*Dataset content*
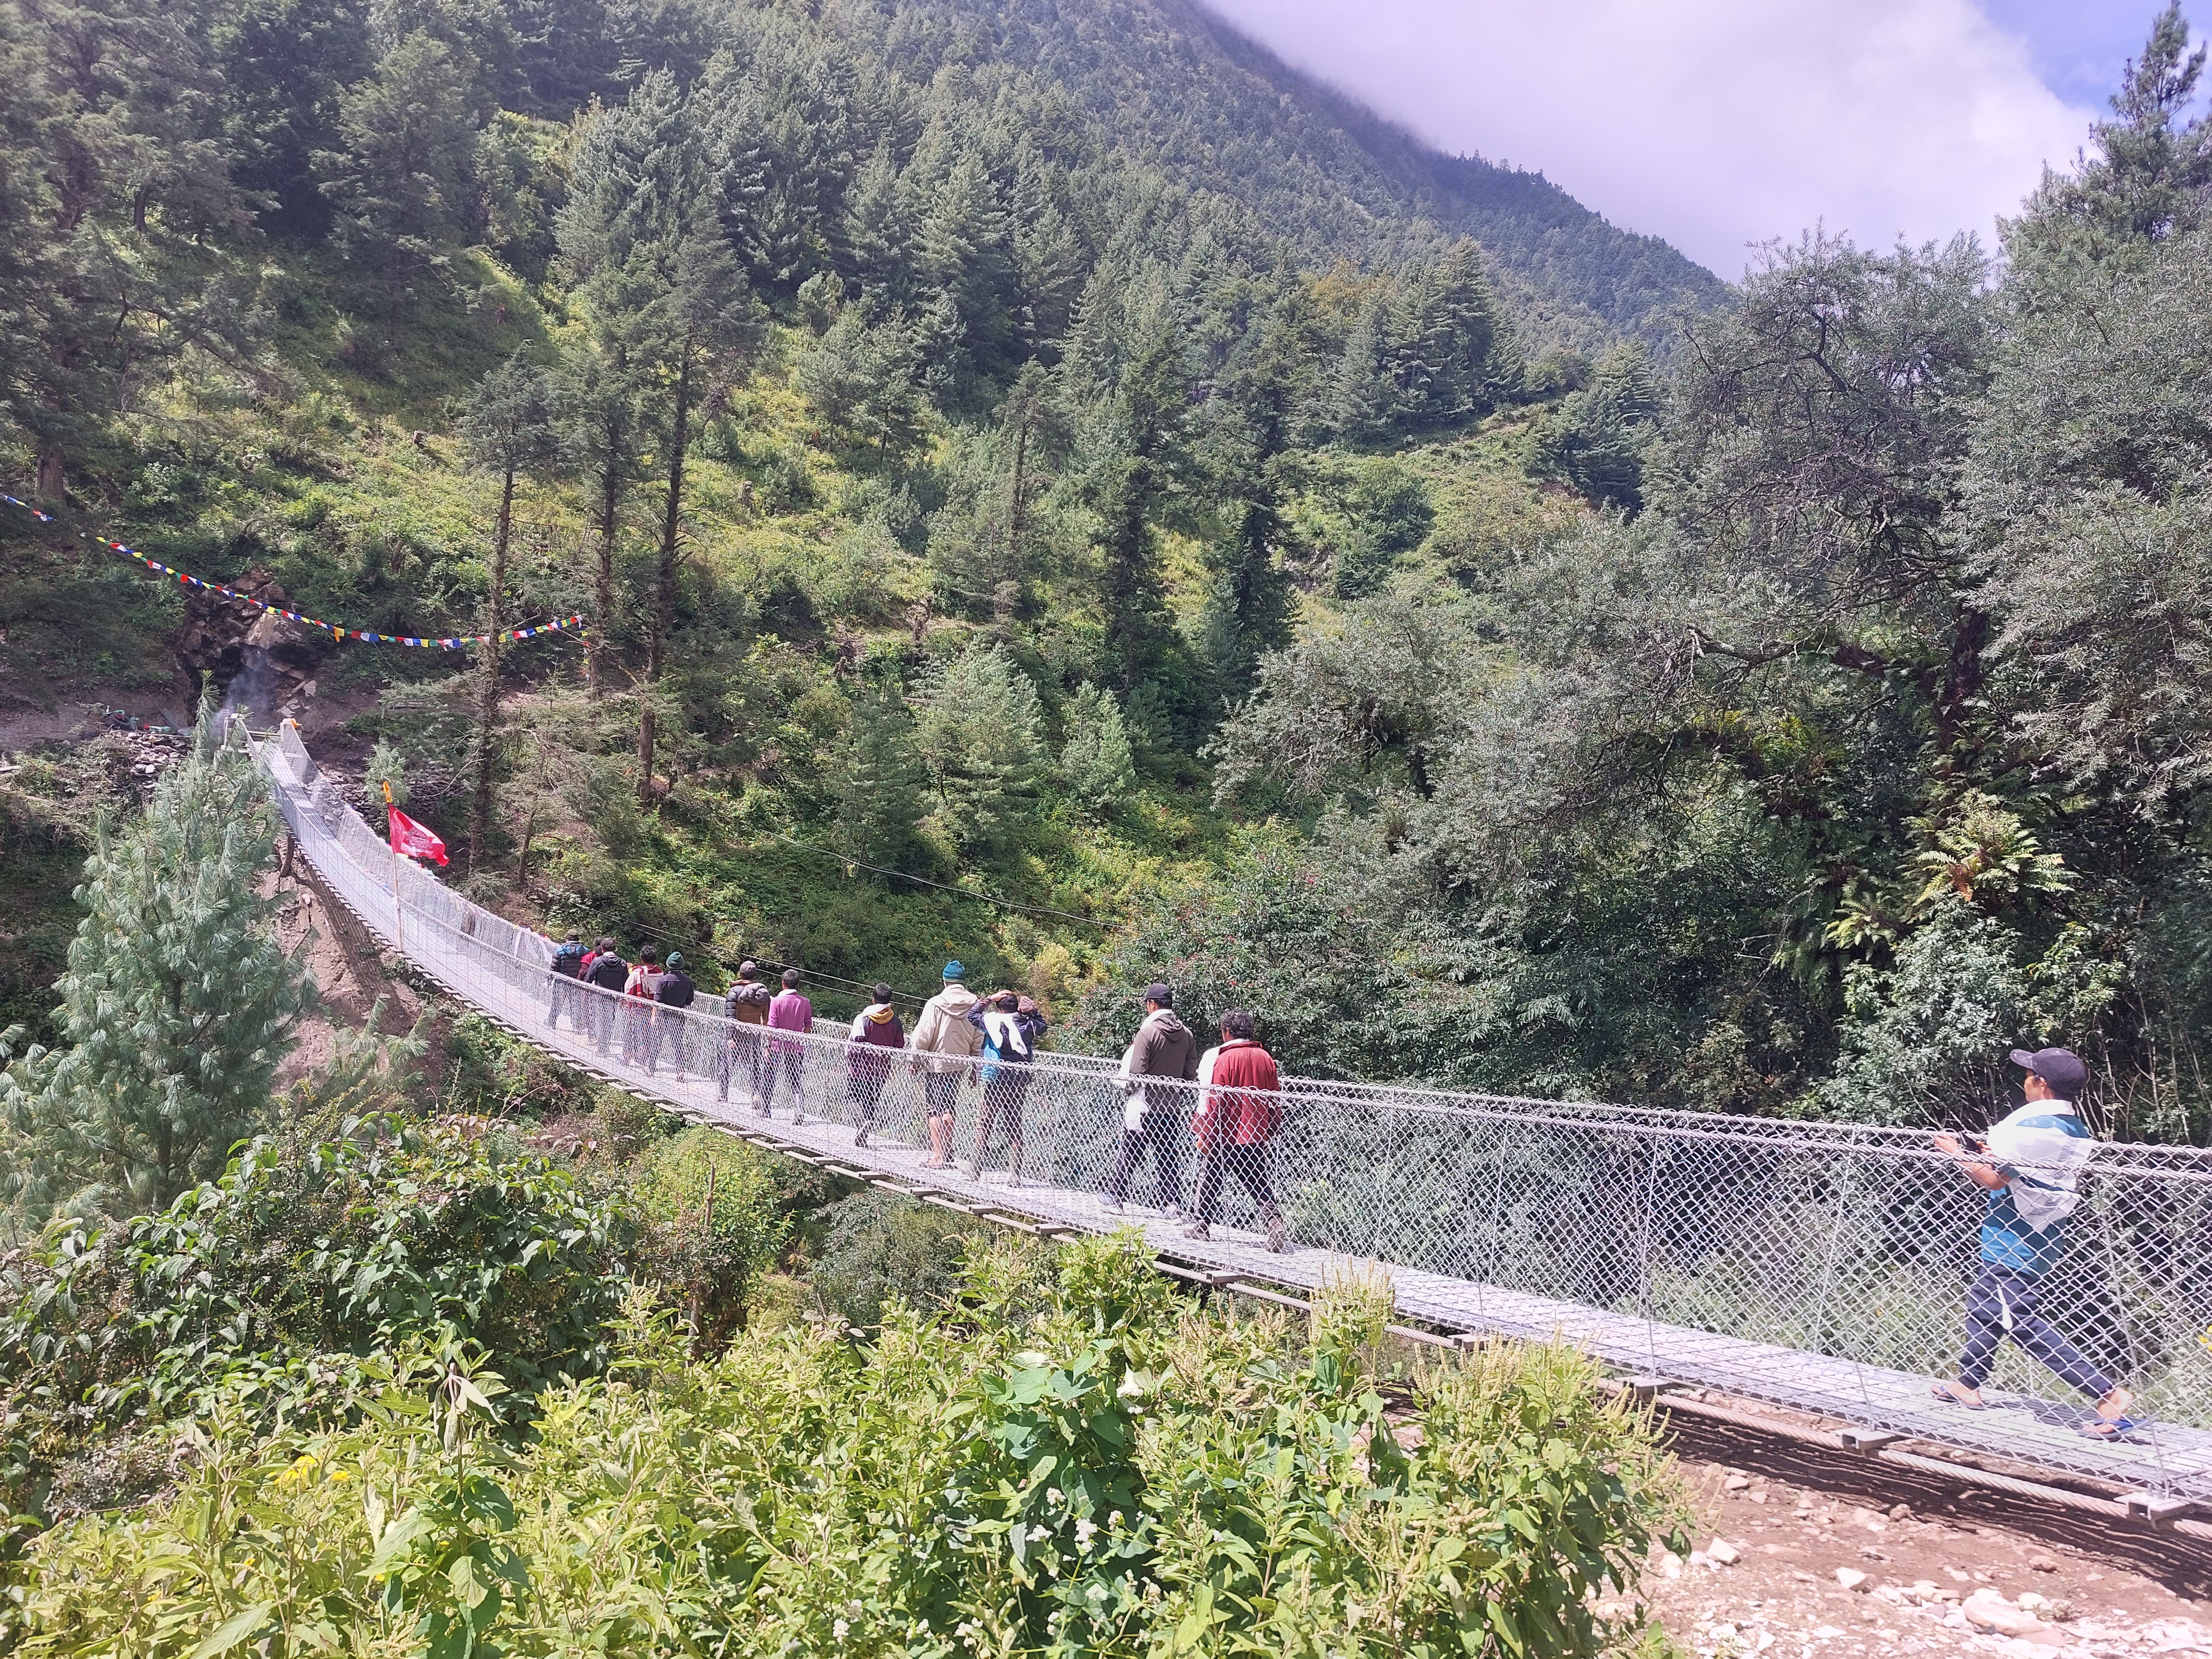 Gumda Khola Trail Bridge 83m Span
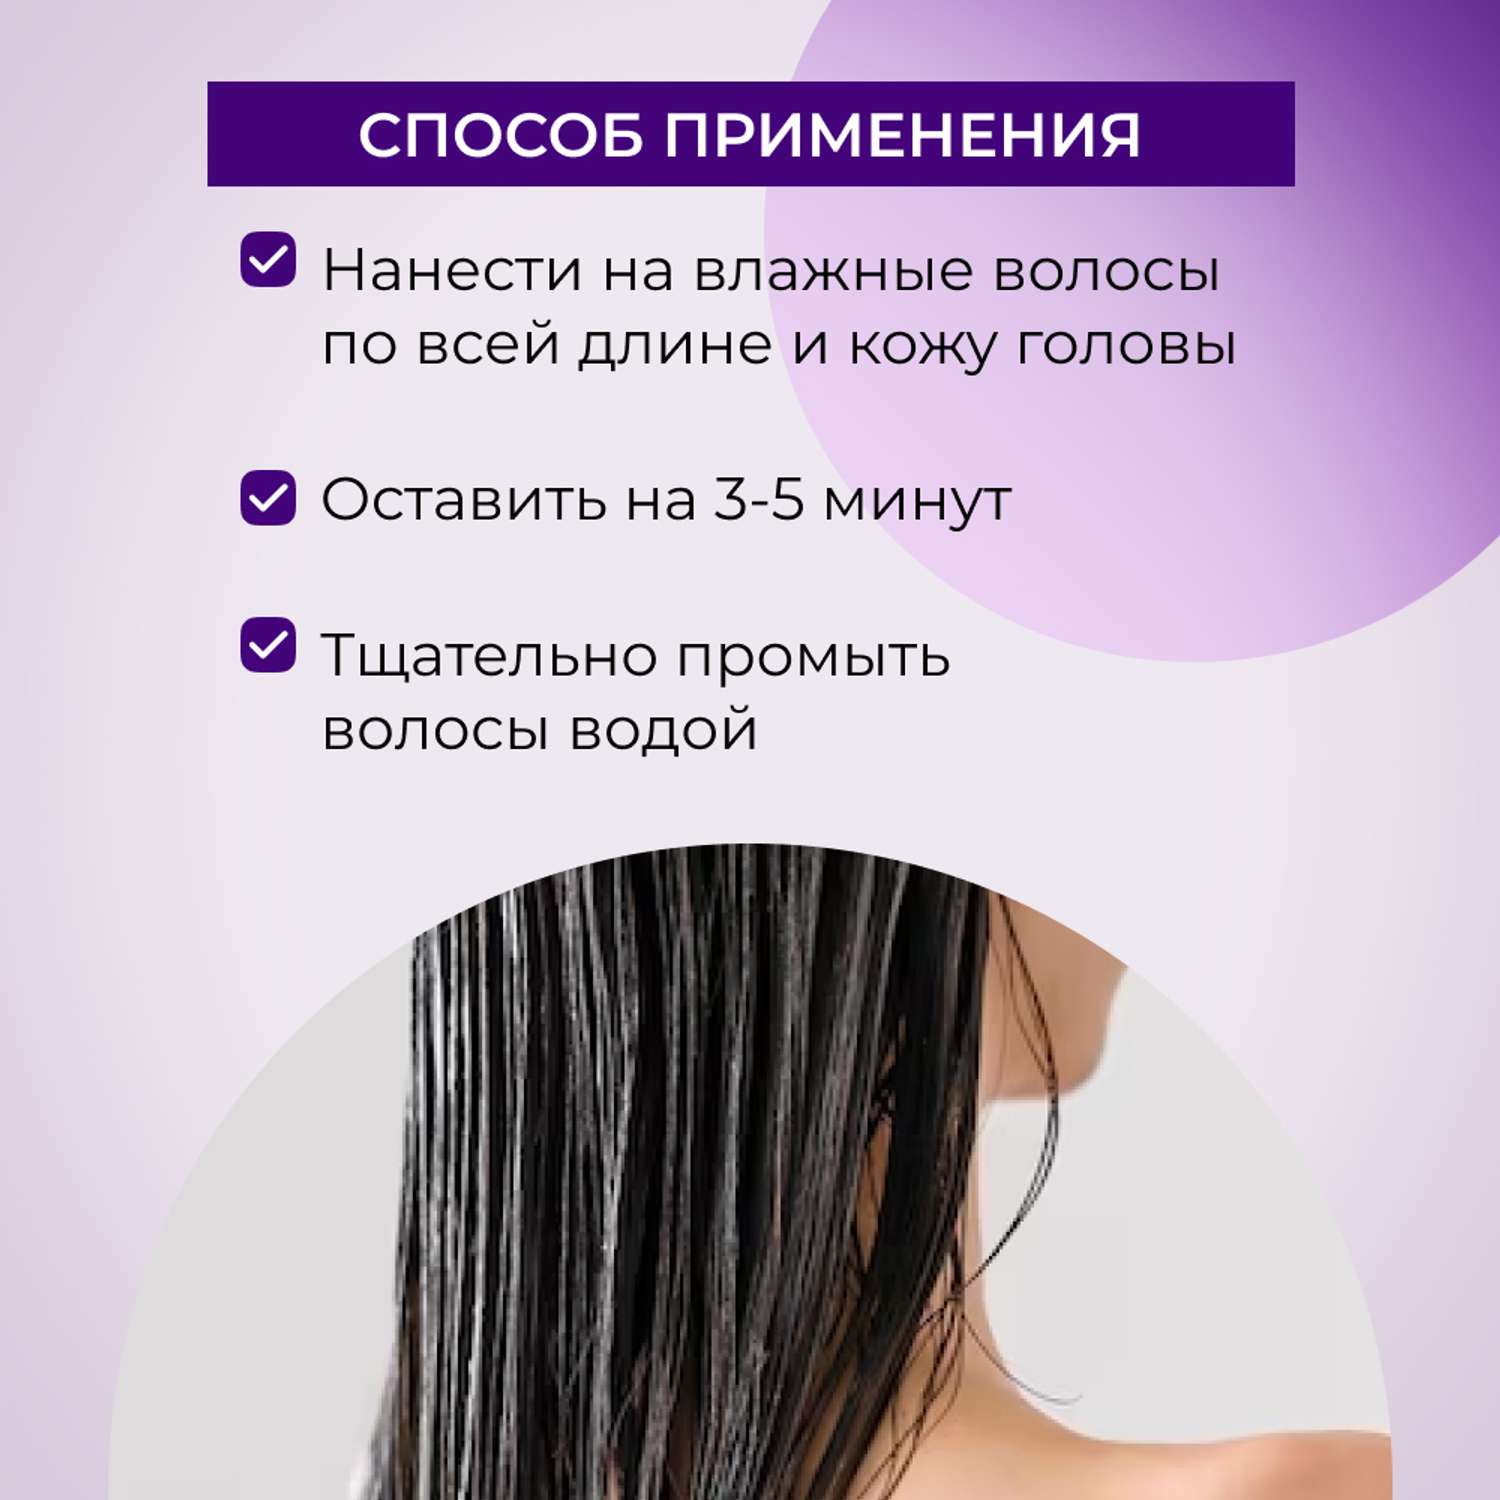 Крем-маска Siberina натуральная «Ускорение роста волос» 150 мл - фото 6
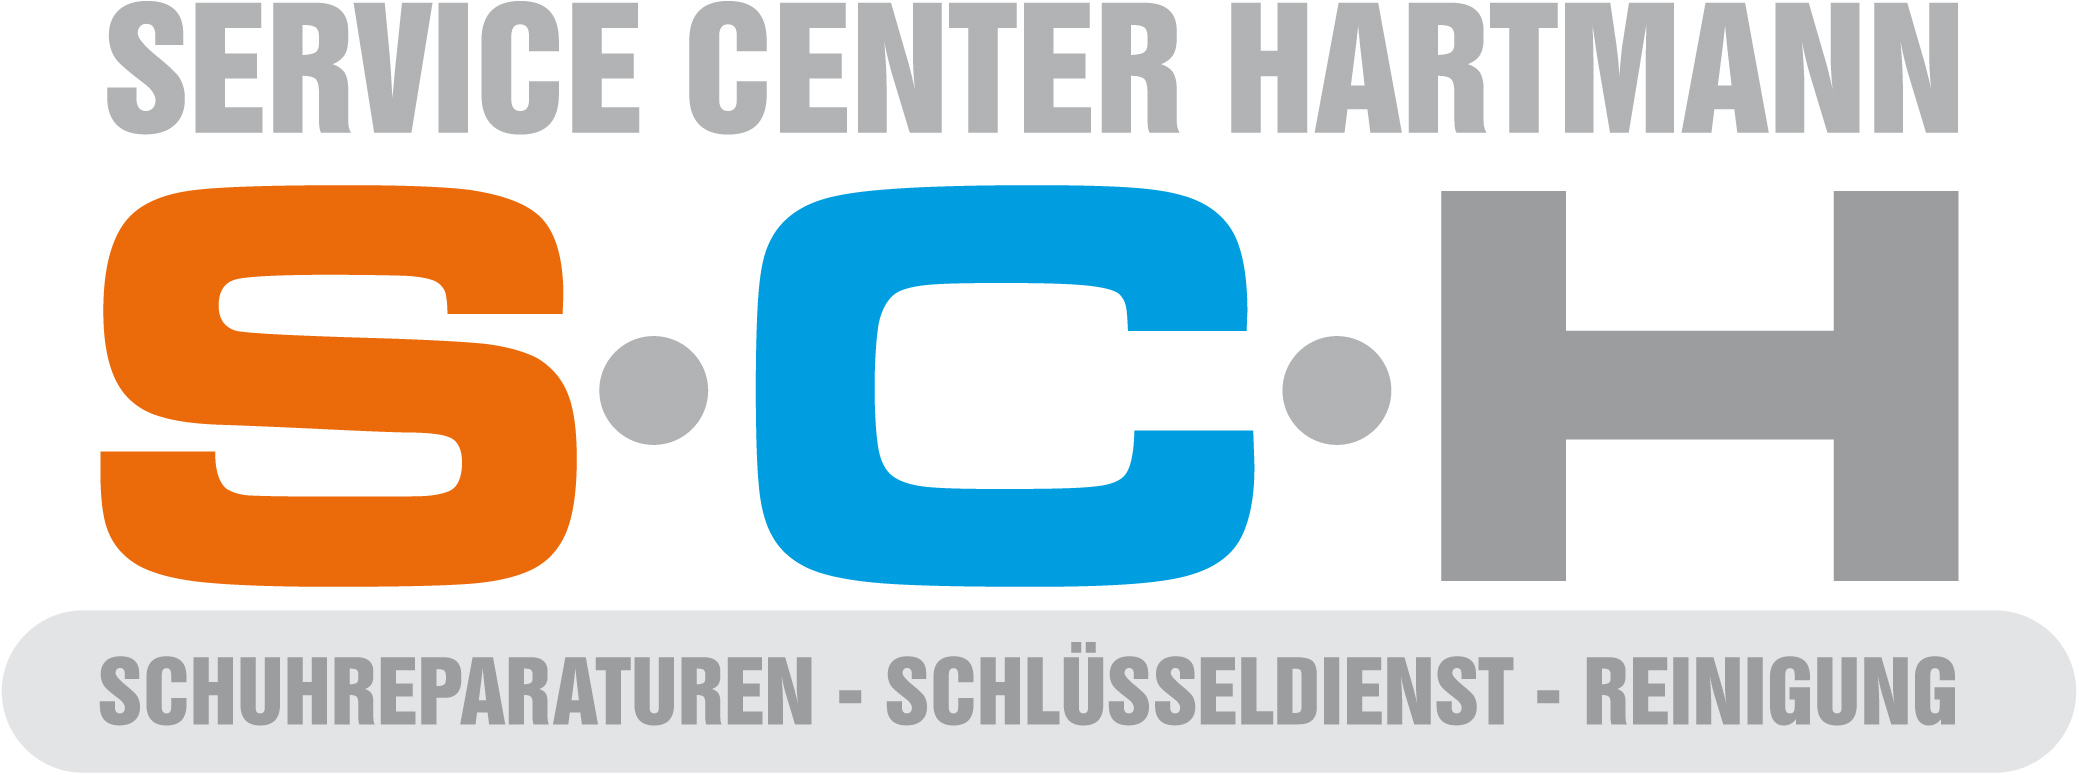 Bild 1 Servicecenter-Hartmann in Leipzig

*Assignment*
An exact copy of the material is required, minus the pictures.

*Reply*
 Gumda Khola Trail Bridge 83m Span
 Крем-маска Siberina натуральная «Ускорение роста волос» 150 мл - фото 6
 Bild 1 Servicecenter-Hartmann in Leipzig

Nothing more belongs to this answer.